“I do when I know it. But, you see——”
He paused again; it was evidently a difficult topic. “Pray don’t mind,” said Sylvia, laughing. “They’re subtle creatures, I know. Do many of them make love to you?”
“I know you’re laughing at me, Miss Castleman. But believe me, it’s no joke. If you’d see some of the letters I get!”
“Oh, they write you love letters?”
“Not only love letters. I don’t mind them—but the letters from women in distress, the most terrible stories you can imagine. Once I was foolish enough—didn’t anybody tell you the scrape I got into?”
“No.”
“That’s curious—they generally like to tell it. I was weak enough to let one woman get into my house in Cambridge. She had a tragedy to rehearse, and I listened to her, and finally she wanted ten thousand dollars. I didn’t know if her story was true, and I said No, and then she began to scream for help. The servants came running, and she said—well, you can imagine, how I’d insulted her, and all that. I told my man to throw her out, but she said she’d scratch his eyes out, she’d scream from the window, she’d stand on the street outside and denounce me till the police came, she’d give the newspapers the whole story of the way I’d abused her. And so finally I had to give her all the money I happened to have on me.”

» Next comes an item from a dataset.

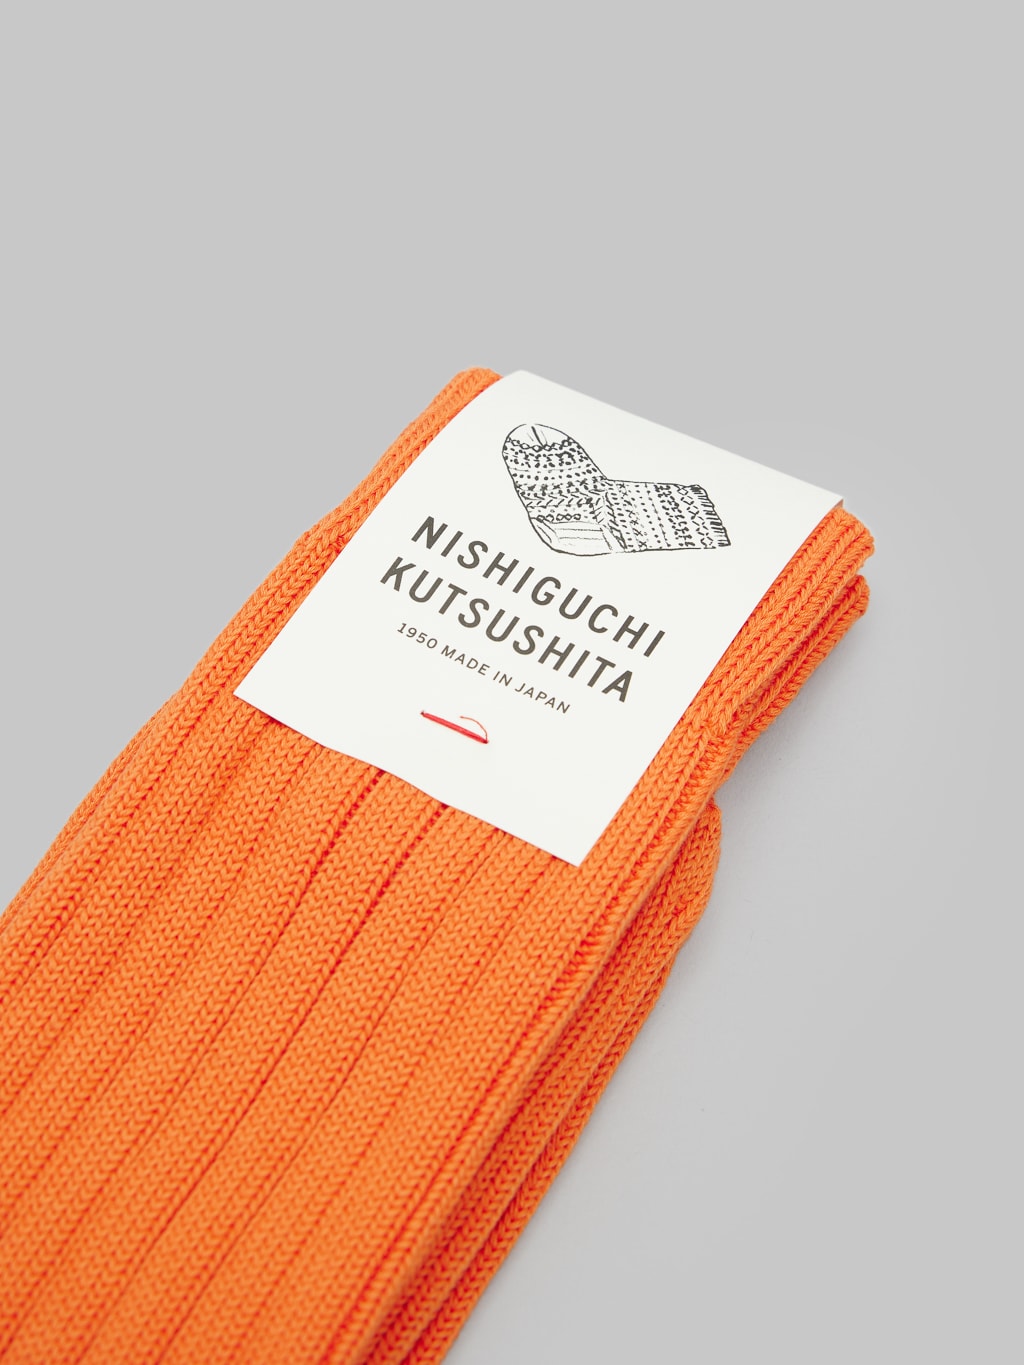 nishiguchi kutsushita egyptian cotton ribbed socks apricot orange front label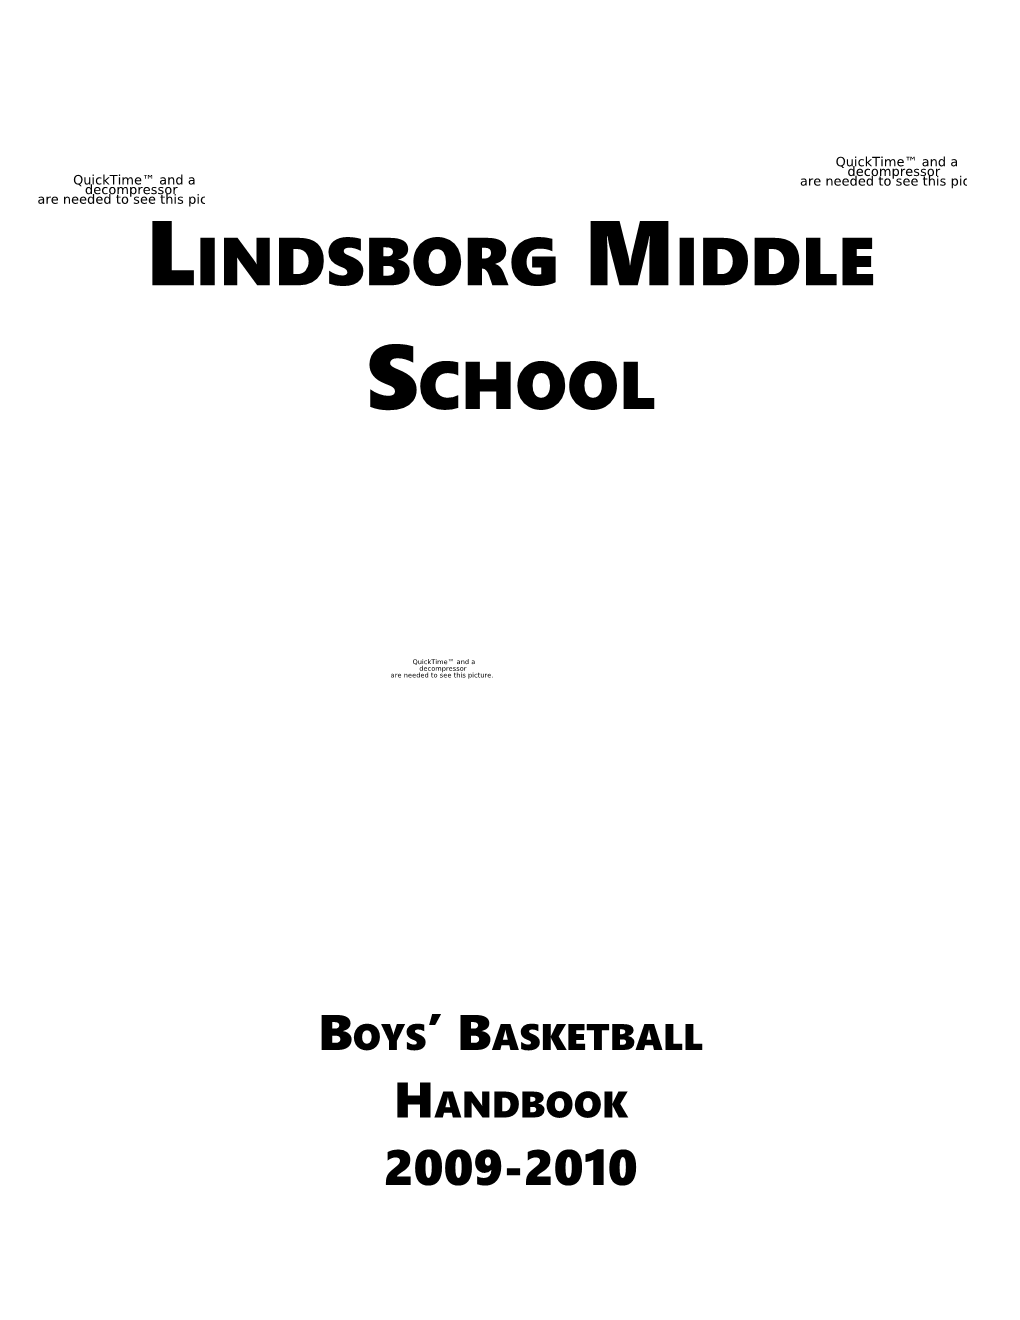 Lindsborg Middle School

“Great Heavens!” exclaimed Sylvia, who had not thought of anything so serious as that.
“You see how it is. For the most part I’ve escaped that kind of thing, because I was taught. My Great-uncle Douglas, who died recently—he was my guardian, and he taught me all about women when I was very young—not more than ten. He had charge of my upbringing, and he wouldn’t allow a woman in my household.”
“Dear me,” said Sylvia, “what a cynic he must have been!”